Directions: From the material below, please set down exactly the lines starting with the one with "Anaheim Angels A" and going on through the one with "Money-Saving Train Travel", without a single picture.

Input material:
=== Begin Enclosure ===
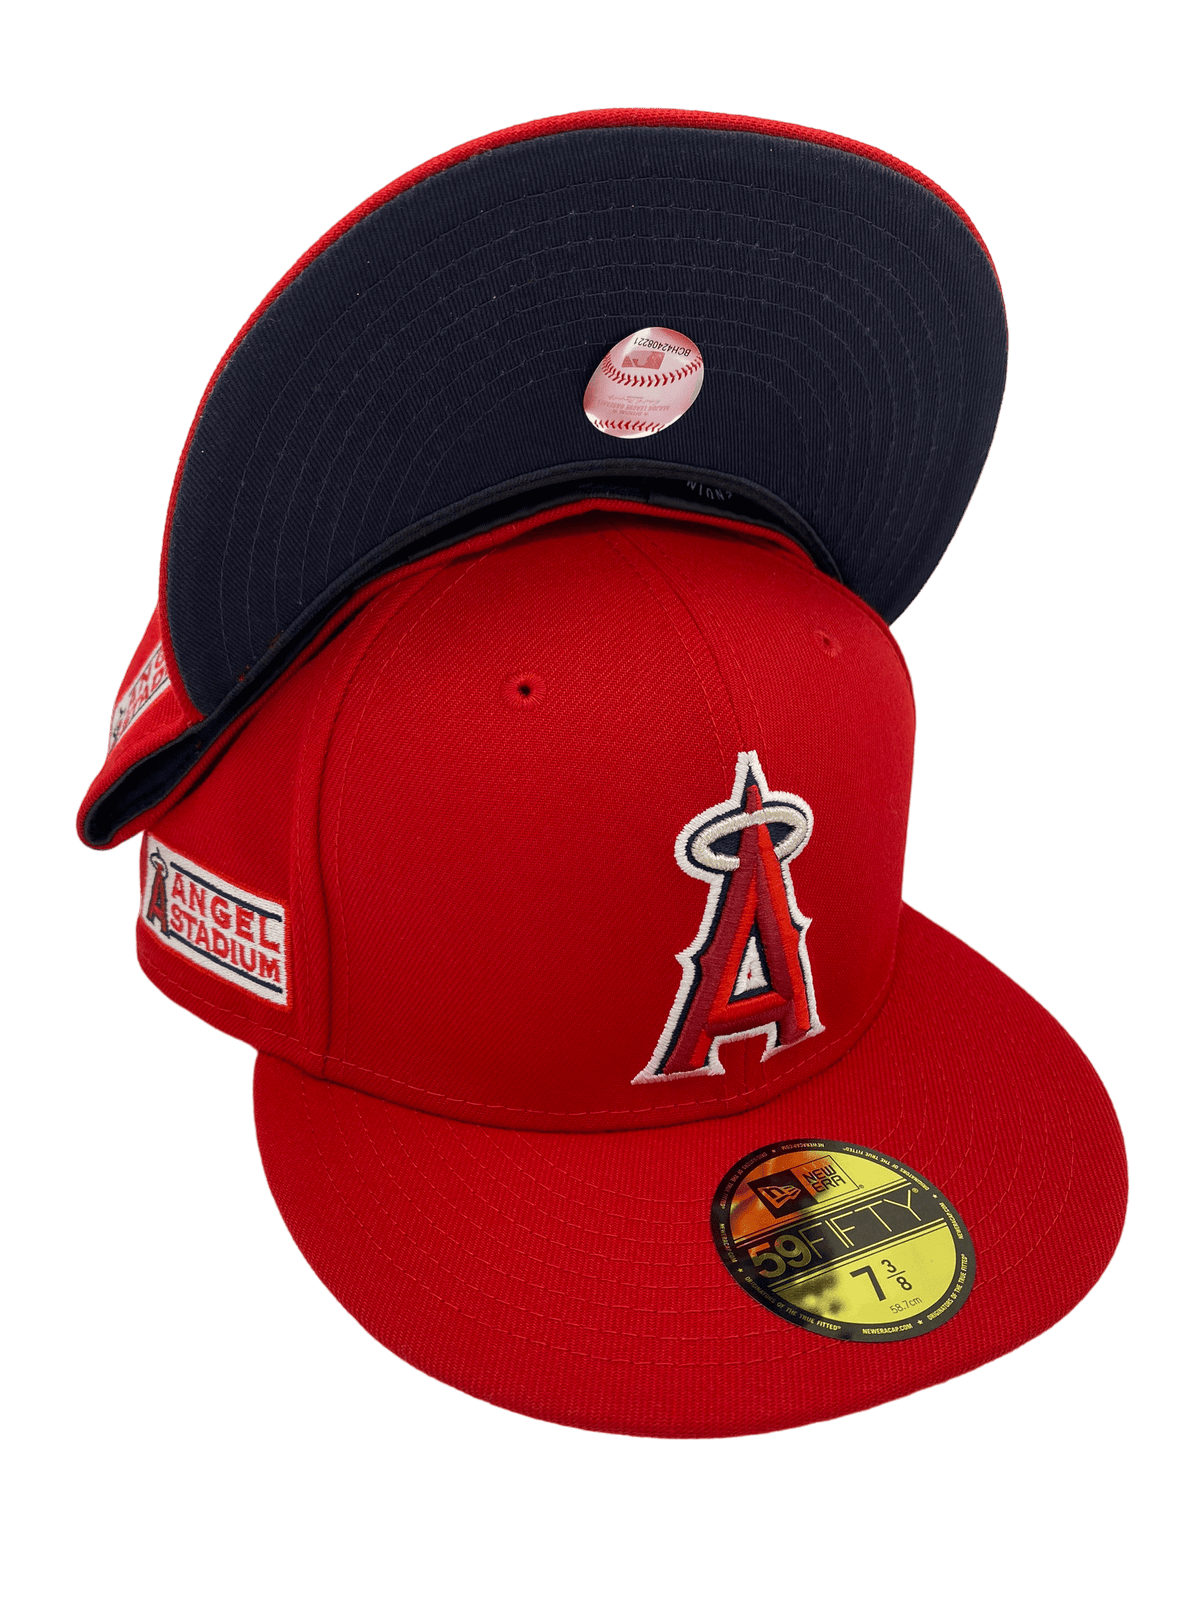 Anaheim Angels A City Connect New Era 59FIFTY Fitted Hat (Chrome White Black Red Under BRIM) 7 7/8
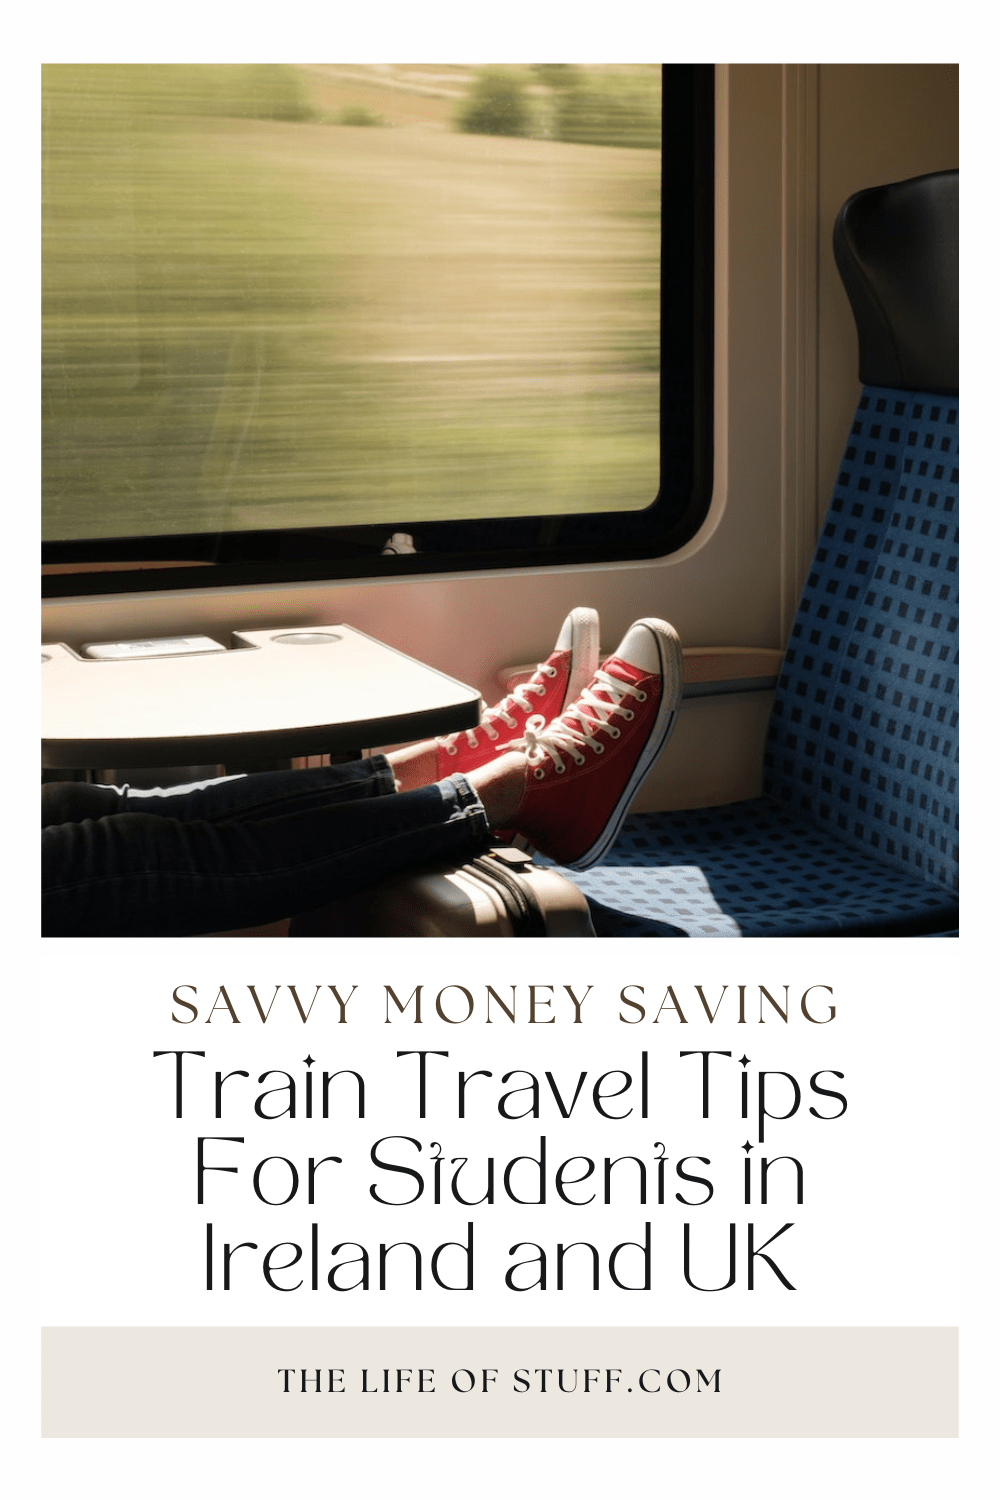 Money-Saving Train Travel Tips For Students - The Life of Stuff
=== End Enclosure ===
=== Begin Enclosure ===
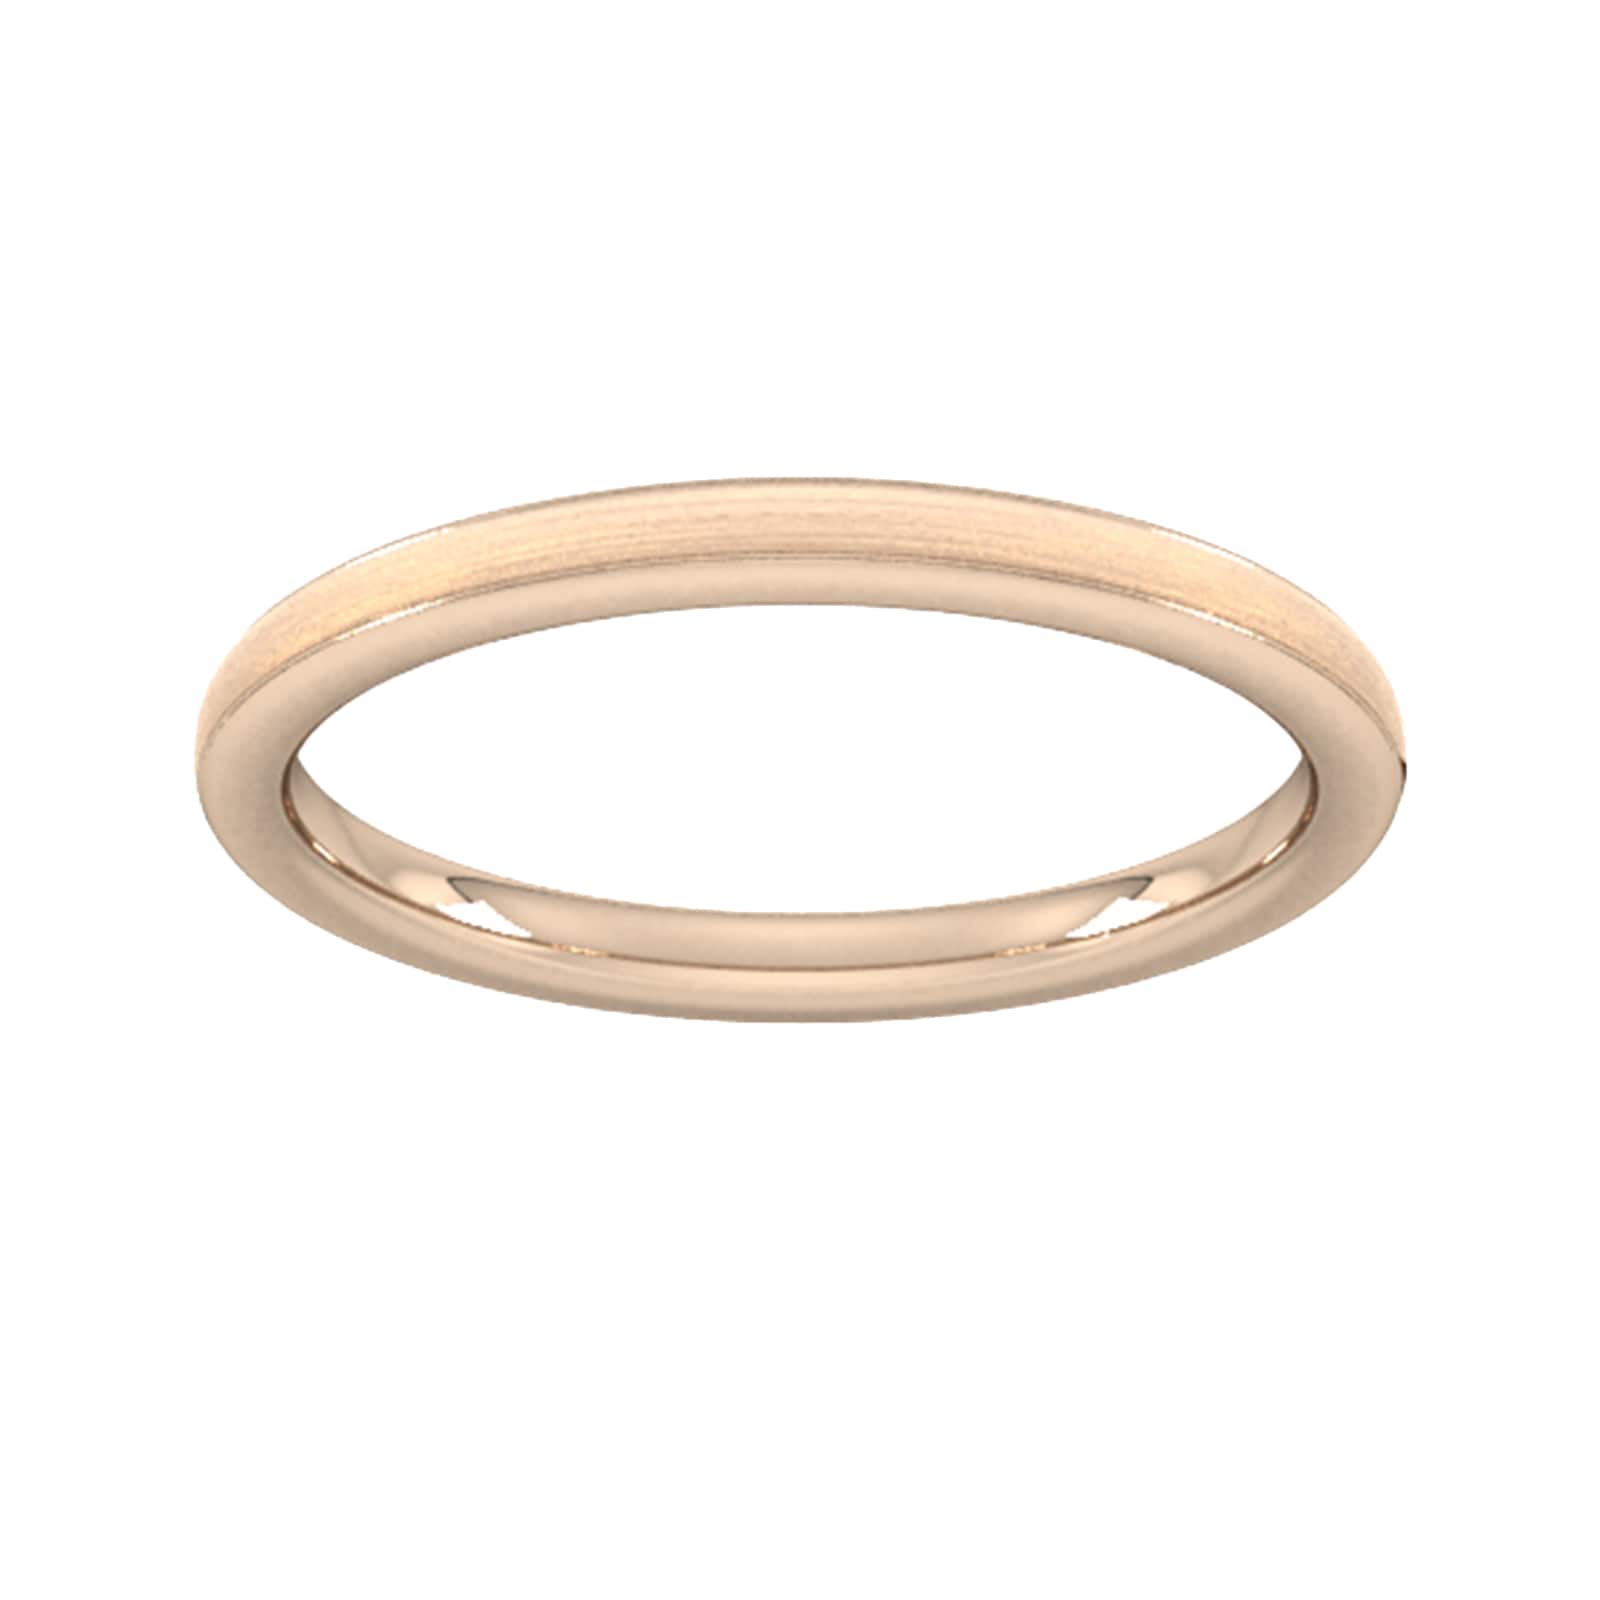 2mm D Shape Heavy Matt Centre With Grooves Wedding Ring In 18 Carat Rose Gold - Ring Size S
=== End Enclosure ===
=== Begin Enclosure ===
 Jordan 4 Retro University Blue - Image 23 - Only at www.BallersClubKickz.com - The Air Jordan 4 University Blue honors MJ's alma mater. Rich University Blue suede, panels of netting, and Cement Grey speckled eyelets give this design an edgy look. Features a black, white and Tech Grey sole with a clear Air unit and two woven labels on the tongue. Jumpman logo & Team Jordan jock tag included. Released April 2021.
=== End Enclosure ===
Written solution:
 Anaheim Angels A City Connect New Era 59FIFTY Fitted Hat (Chrome White Black Red Under BRIM) 7 7/8
 Money-Saving Train Travel Tips For Students - The Life of Stuff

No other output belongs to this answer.